SETUP, THRESHOLDS AND ENVIRONMENT¶
What this section does:
Before looking at a single row of data, we do three things:
First, we load every library the audit will need. This ensures every subsequent section runs without import errors.
Second, we set pass/fail thresholds for every metric we will measure. This is non-negotiable. Setting thresholds after seeing results is how bias gets hidden in audits. We define what counts as passing before we know whether we pass.
Third, we set a reproducibility seed. Anyone who runs this notebook with the same seed on the same data should get identical results. This is what makes the audit independently verifiable.
In [1]:
# ── SECTION 1: SETUP ─────────────────────────────────────────────────────────
import warnings
warnings.filterwarnings('ignore')
import pandas as pd
import numpy as np
import matplotlib.pyplot as plt
import matplotlib.patches as mpatches
import seaborn as sns
from datetime import datetime
from scipy import stats
from scipy.stats import ks_2samp
# Machine Learning
from sklearn.model_selection import train_test_split
from sklearn.preprocessing import LabelEncoder
from sklearn.metrics import (
matthews_corrcoef, log_loss,
precision_recall_curve, auc,
confusion_matrix, classification_report
)
from xgboost import XGBClassifier
from imblearn.over_sampling import SMOTE
# Fairness
from fairlearn.metrics import (
demographic_parity_difference,
equalized_odds_difference
)
# Explainability
import shap
# ── REPRODUCIBILITY ───────────────────────────────────────────────────────────
# A fixed seed means anyone running this notebook gets identical results.
# Same seed, same data, same outputs.
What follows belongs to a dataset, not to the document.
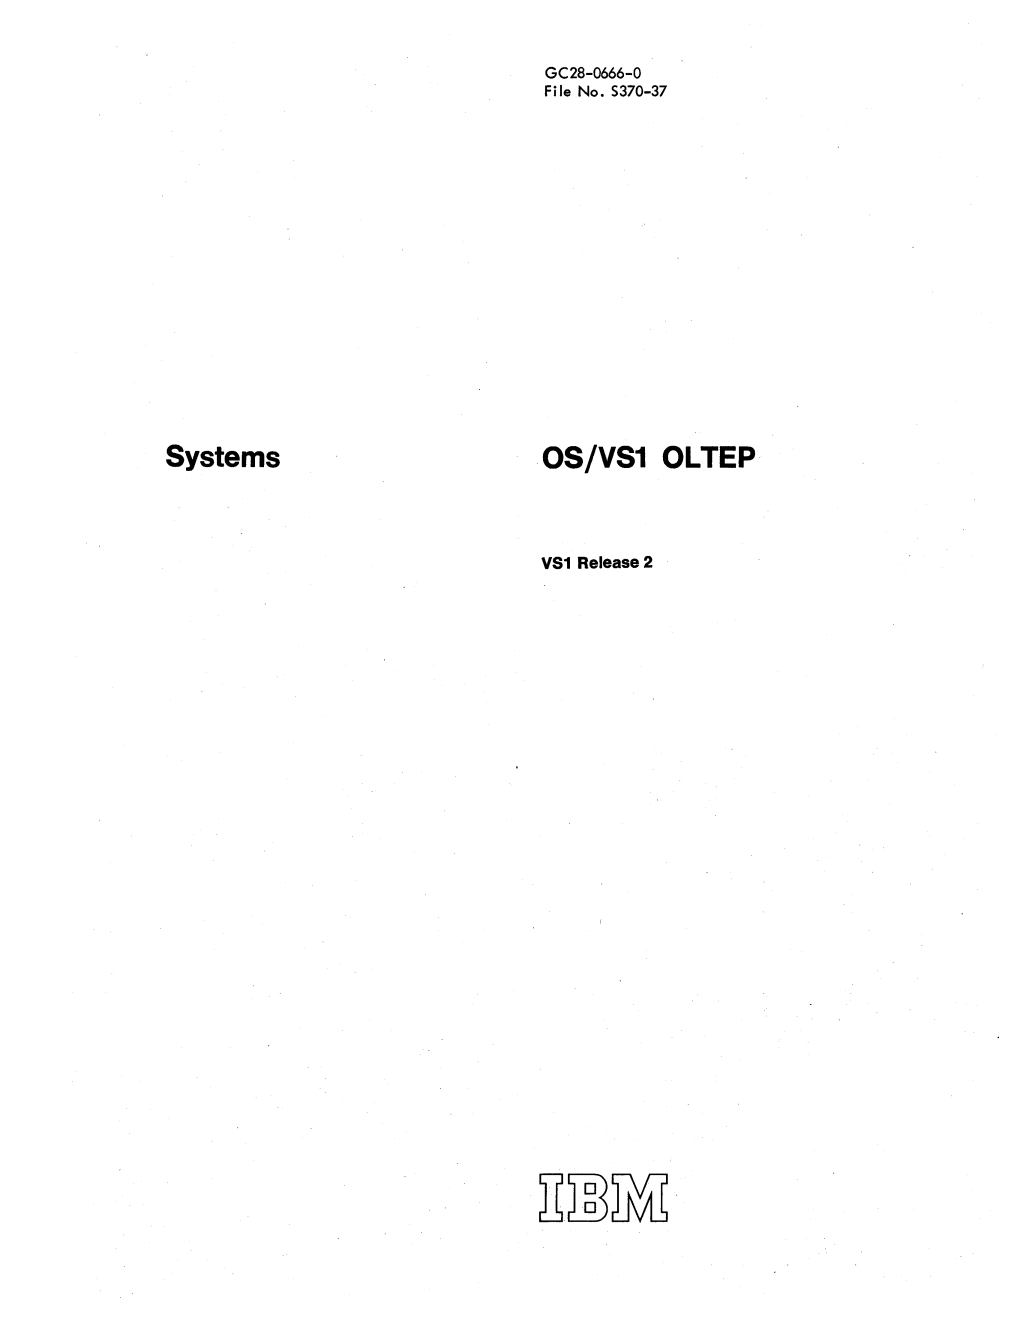 Systems OS/VS1 OLTEP

No variance between runs.
RANDOM_STATE = 42
np.random.seed(RANDOM_STATE)
# ── PASS/FAIL THRESHOLDS ──────────────────────────────────────────────────────
# Set before any results are seen.
# [ClearBoxAI Standard] = internal rule
# [BoG CISD 2026] = Bank of Ghana binding requirement
THRESHOLDS = {
'SPD': 0.10, # Fairness [ClearBoxAI Standard]
'EOD': 0.10, # Fairness [ClearBoxAI Standard]
'MCC': 0.50, # Performance [ClearBoxAI Standard]
'LOG_LOSS': 0.40, # Performance [ClearBoxAI Standard]
'PR_AUC': 0.70, # Performance [ClearBoxAI Standard]
'KS': 0.30, # Performance [Ghana banking industry standard]
}
print('=' * 58)
print(' ClearBoxAI Fraud Detection Audit Thresholds')
print(f' Audit ID : CBA-2026-002')
print(f' Run Date : {datetime.now().strftime("%Y-%m-%d %H:%M")}')
print('=' * 58)
print('\nPass/Fail Thresholds (defined before any results are seen):')
for k, v in THRESHOLDS.items():
print(f' {k:<12} threshold = {v}')
print('\nSetup complete. Ready to begin audit.')
========================================================== ClearBoxAI Fraud Detection Audit Thresholds Audit ID : CBA-2026-002 Run Date : 2026-04-20 19:09 ========================================================== Pass/Fail Thresholds (defined before any results are seen): SPD threshold = 0.1 EOD threshold = 0.1 MCC threshold = 0.5 LOG_LOSS threshold = 0.4 PR_AUC threshold = 0.7 KS threshold = 0.3 Setup complete. Ready to begin audit.